Но сперва - о самом авторе, по-моему, такой краткой биографической справки не было, она в нашей клубной странице писателя. Может, кто не знает.
Цитата:Решад Нури Гюнтекин родился 25 ноября 1889 года в Стамбуле (Турция). В 1912 году окончил литературный факультет Стамбульского университета, в 1913-1931 годах преподавал французский язык. Занимался политической деятельностью, был депутатом меджлиса в 1938-1943 годах, служил атташе по делам культуры в посольстве Турции в Париже. В 1917 году Гюнтекин опубликовал свою первую повесть "Старый друг", в 1918 году вышла повесть "Цветок развалин", пьесы "Настоящий герой" и "Кинжал". Широкую известность получил роман "Птичка певчая" (1922). В своих произведениях писатель одним из первых в турецкой литературе реалистично и всесторонне изобразил Анатолию, провинциальные города и турецкую деревню. Он также обращался к проблемам семьи, взаимоотношений личности и общества, роли духовенства. Ему принадлежат также романы "Зеленая ночь" (1928), "Клеймо", "Жалость" (1928), "Листопад" (1930), "Последнее убежище" (опубликован 1961); сатирические романы "Мельница" (1944), "Обитель дервишей" (1946); монография "Лев Толстой" (1933). Решад Нури Гюнтекин кроме того переводил произведения Ж. Ж. Руссо, М. Сервантеса, Э. Золя, А. Камю. Умер в Лондоне.
А теперь о Фэриде.
Впечатление от книги и впечатление от просмотра сериала всегда настраивают на лирический лад, потому что мелодраматическая история Фэриде затмевает собой все. Но с возрастом, перечитывая вновь и вновь, начинаешь обращать внимание на строки, которые раньше пробегала глазами, спеша добраться до счастливой любви. Вот сцена, которой начинается история: Фэриде пишет сочинение и иронизирует по поводу того, что напишут примерные ученицы: «Первое, что я помню в жизни, — это златокудрая нежная головка дорогой мамочки, склоненная над моей маленькой кроваткой, и ее голубые, небесного цвета глазки, обращенные ко мне с улыбкой и любовью…» Свою мать Фэриде плохо помнила, та серьезно болела и рано умерла. Девочка пишет сочинение о том, что ей запомнилось в детстве: о своей кормилице, о местах, где жила семья военного, скитаясь по отдаленным провинциям огромной Оттоманской империи, - это так далеко от «голубых глазок золотоволосой мамочки», что ее подняли на смех. Но пройдет несколько лет, и в самый трагический момент жизни – бегства из дома - Фэриде вспомнит о матери, любви и сочувствия которой ей не хватало:
Цитата:«Я помню мать как то очень смутно. Неясный образ ее, всплывающий в моей памяти, можно сравнить, пожалуй, со старым запыленным портретом, где краски потускнели, а контуры стерлись, — с портретом, который давно уже висит в забытой комнате. И до того дня этот образ не пробуждал во мне ни грусти, ни чувства любви. Но когда бедная, старая Гюльмисаль калфа закричала: «Моя Гюзидэ!» — со мной произошло непонятное: перед глазами вдруг возник образ матери, защемило сердце, и я заплакала навзрыд, приговаривая: «Мама!.. Мамочка!»
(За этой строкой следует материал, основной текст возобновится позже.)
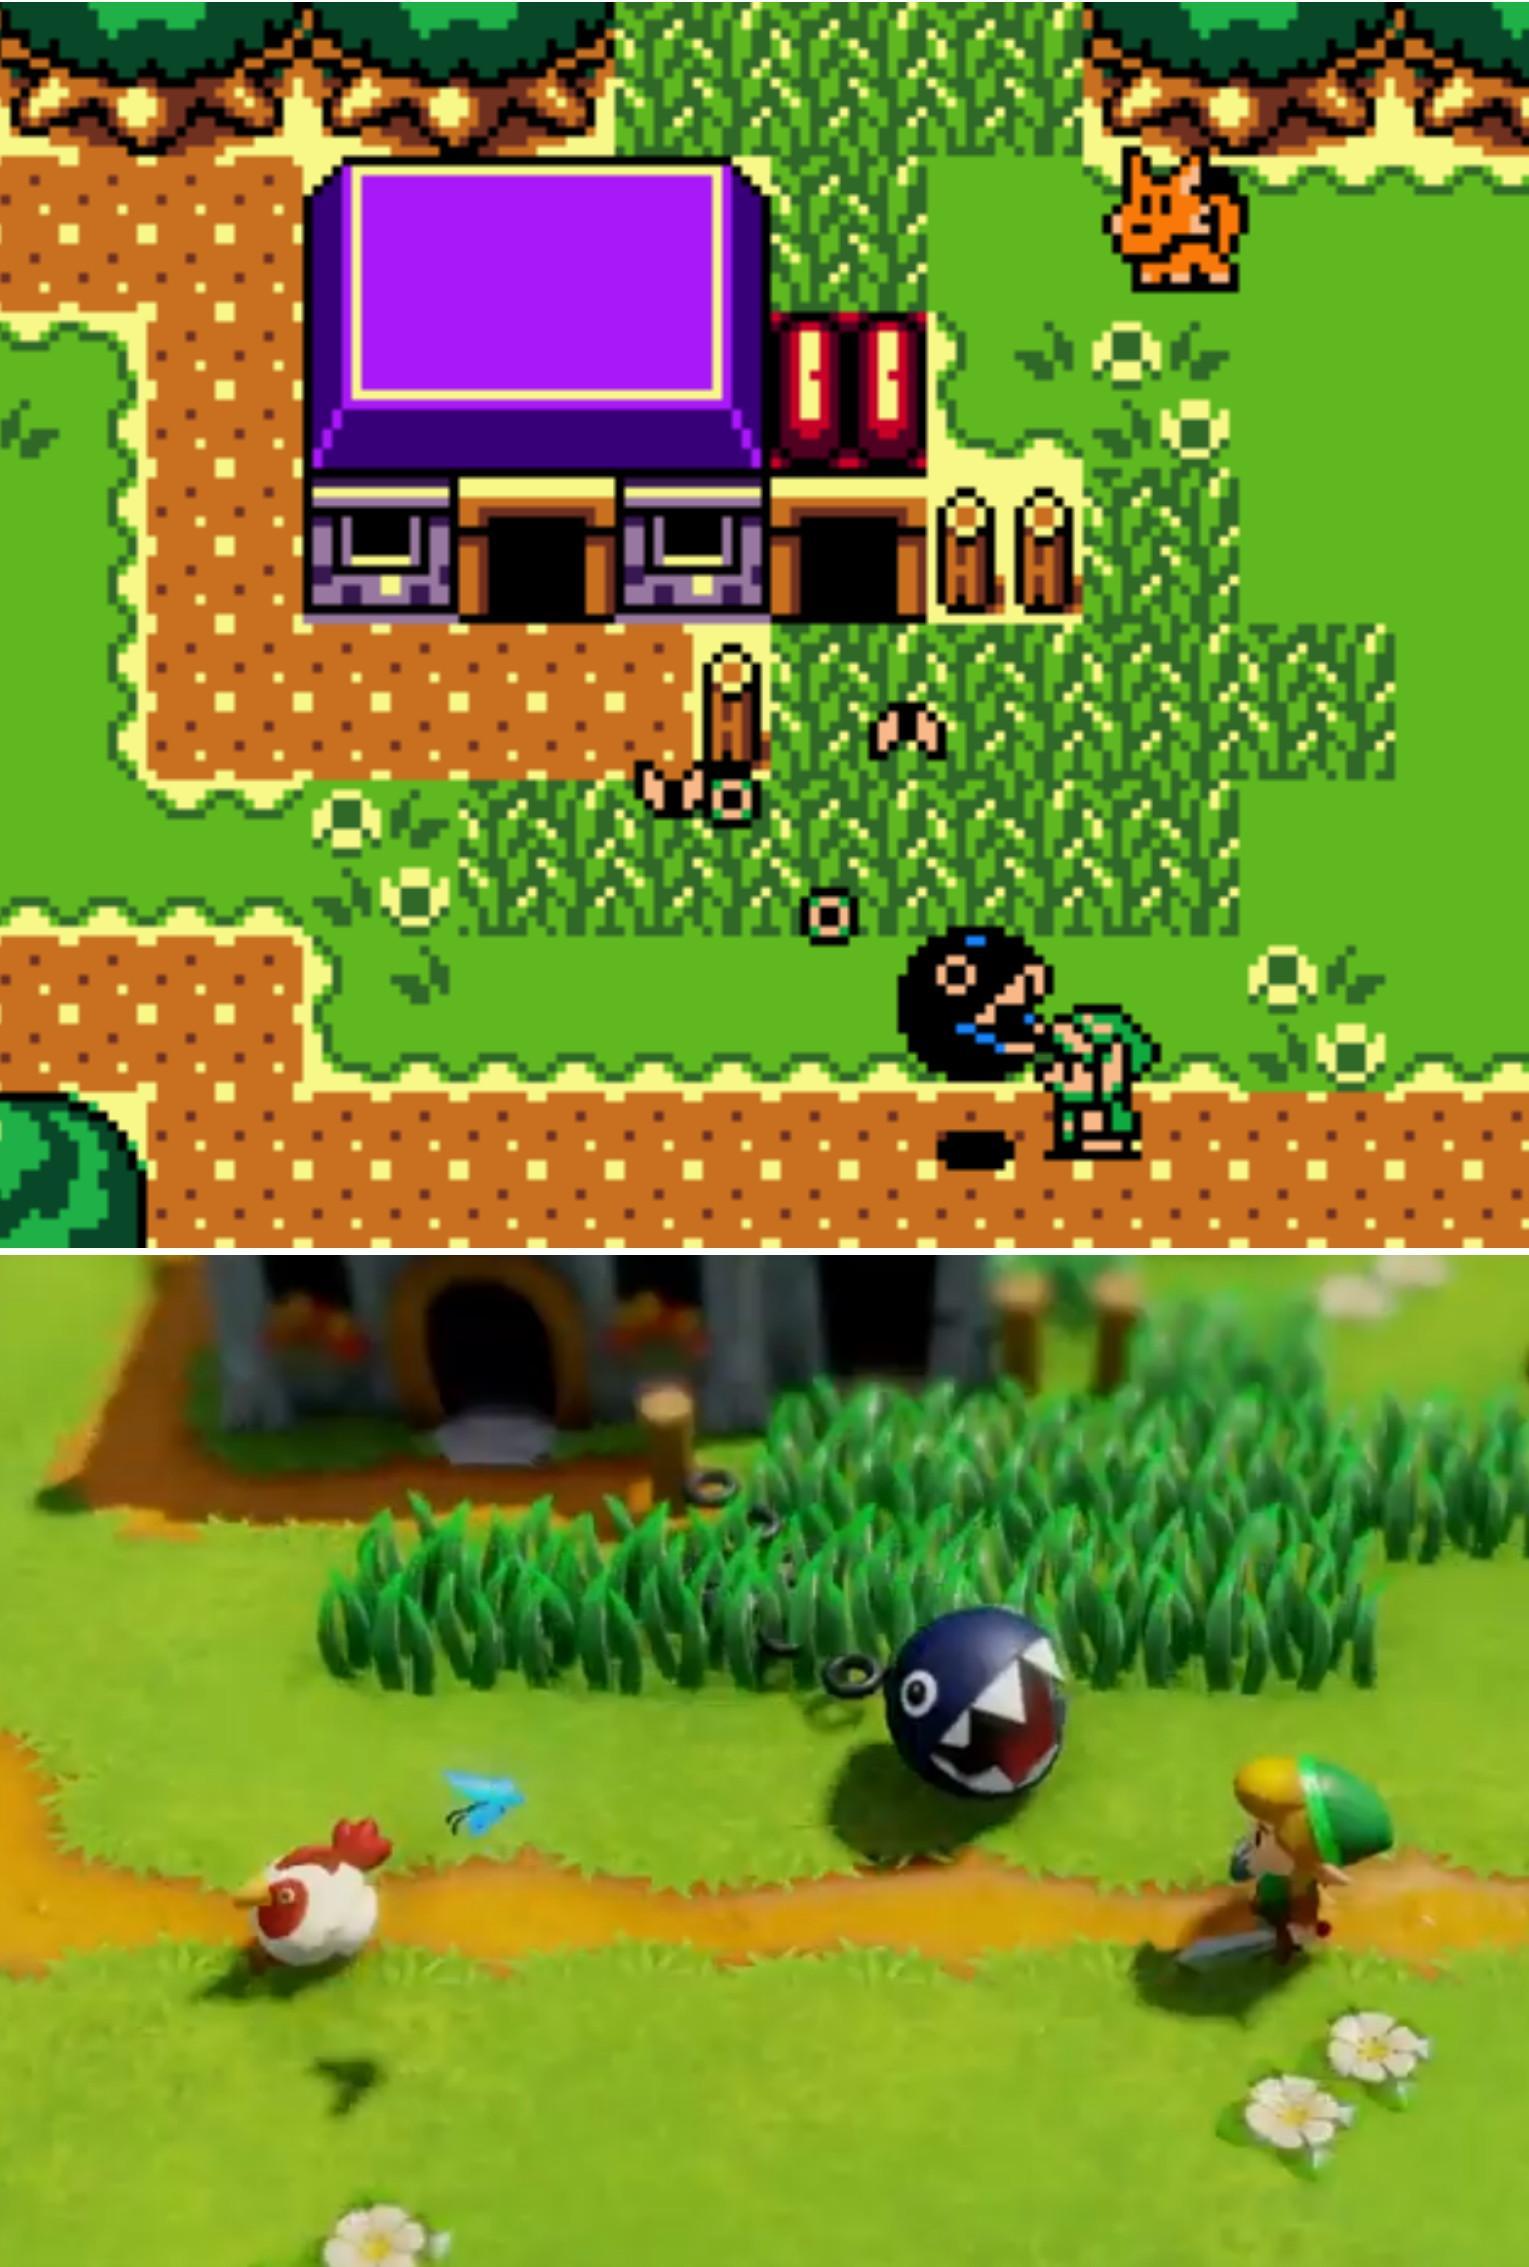 The Legend Of Zelda Link S Awakening Tonight We Re Gonna

Очень проникновенно и удивительно образно сравнение памяти с забытым пыльным старым портретом, который вдруг ясно всплывает перед глазами. Вся книга наполнена такими крохотными эпизодами и описаниями, которые делают роман не просто любовной историей, а литературным произведением. Причем, ведя повествовании от первого лица, автор награждает литературным талантом Фэриде.Появляются время от времени описания природы, делающие повествование реалистичным, лишенным особых красот, но подлинно достоверным.
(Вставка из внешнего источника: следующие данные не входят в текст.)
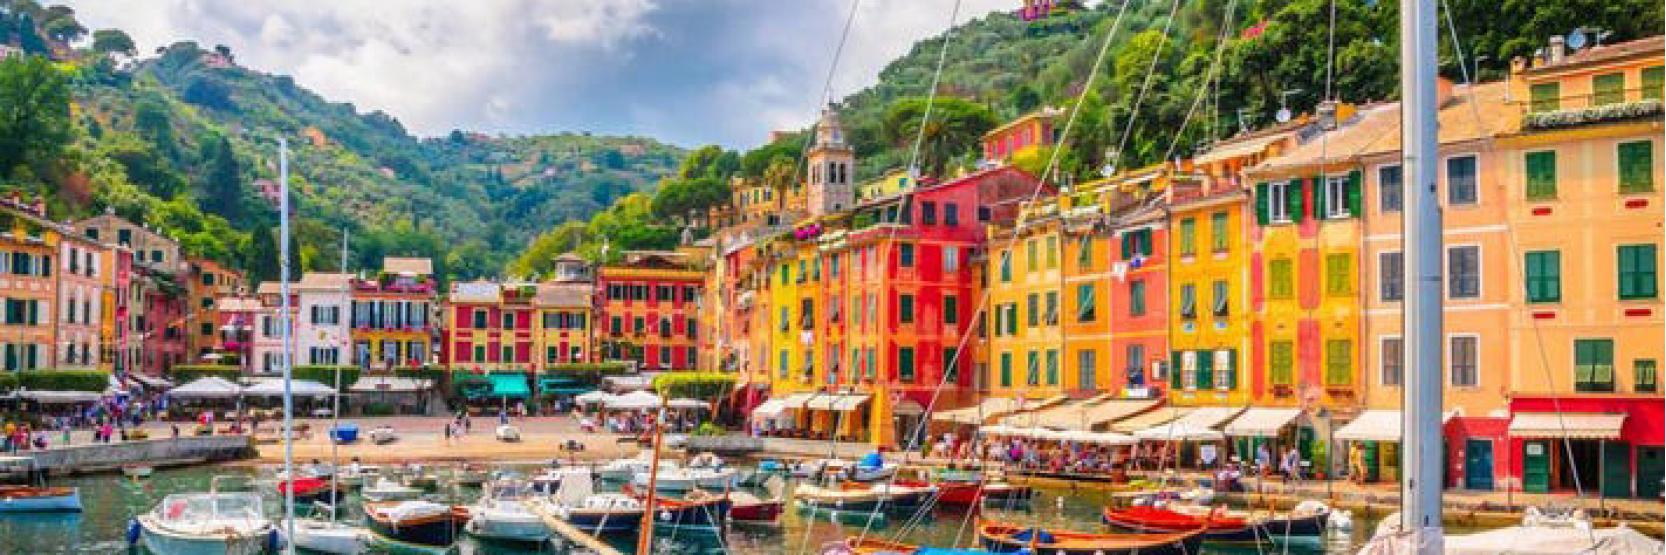 الوجهات السياحية في ايطاليا

Цитата:«По одну сторону дороги тянулись сады, огороженные плетнями, изредка попадались полуразвалившиеся стены когда то стоявших здесь домов; по другую — простиралось безнадежно пустынное море без парусов, без дымков, дышавшее молчаливым отчаянием.
В садах уже хозяйничала поздняя осень. Зелень, обвивающая плетни и заборы, поблекла. Изредка попадались увядшие полевые цветы. На пыльную дорогу ложились дрожащие тени чахлых грабов, выстроившихся вдоль обочины, с ветвей уже слетали первые листья.
А вдали, в глубине запущенных садов, горели красноватыми пятнами заросли ежевики. Без сомнения, аллах создал эту ягоду для того, чтобы мои тезки — чалыкушу — лакомились ею.»
И в своих скитаниях по Анатолии , по глухим деревням и уездным городкам по направлениям отделов образования, Фэриде попадаются хорошие люди. Она не чванилась происхождением и образованием, с удовольствием знакомилась поближе с уборщиками гостиницы, старыми бедными женщинами по соседству, с уважением относилась к коллегам. И они тоже ее ценили, а иногда относились как к дочери. Таков служитель гостиницы Хаджи калфа, поучающий ее в премудростях жизни, искренне беспокоившийся о ее судьбе.
Цитата:«— Эх, знала бы ты, чего только не повидал в жизни Хаджи калфа! Видел людей, которые, точно каллиграфы, почерком «сюлюс» пишут. Но писанина их и ломаного гроша не стоит. А есть такие, что пишут криво да косо, закорючками, как муравьиные ножки. Вот из них то толк и получается»
«Ты ведь, как птица в клетке, томишься одна в этой комнате…»
Неужели, вырвавшись наконец навсегда из клетки, я все таки кажусь кому то птицей в заточении? Это, конечно, не так.
Для меня в слове «птица» заключен особый смысл. Для меня птица — это прежняя Чалыкушу, которая хочет расправить свои перебитые крылья и разжать сомкнутый клюв.»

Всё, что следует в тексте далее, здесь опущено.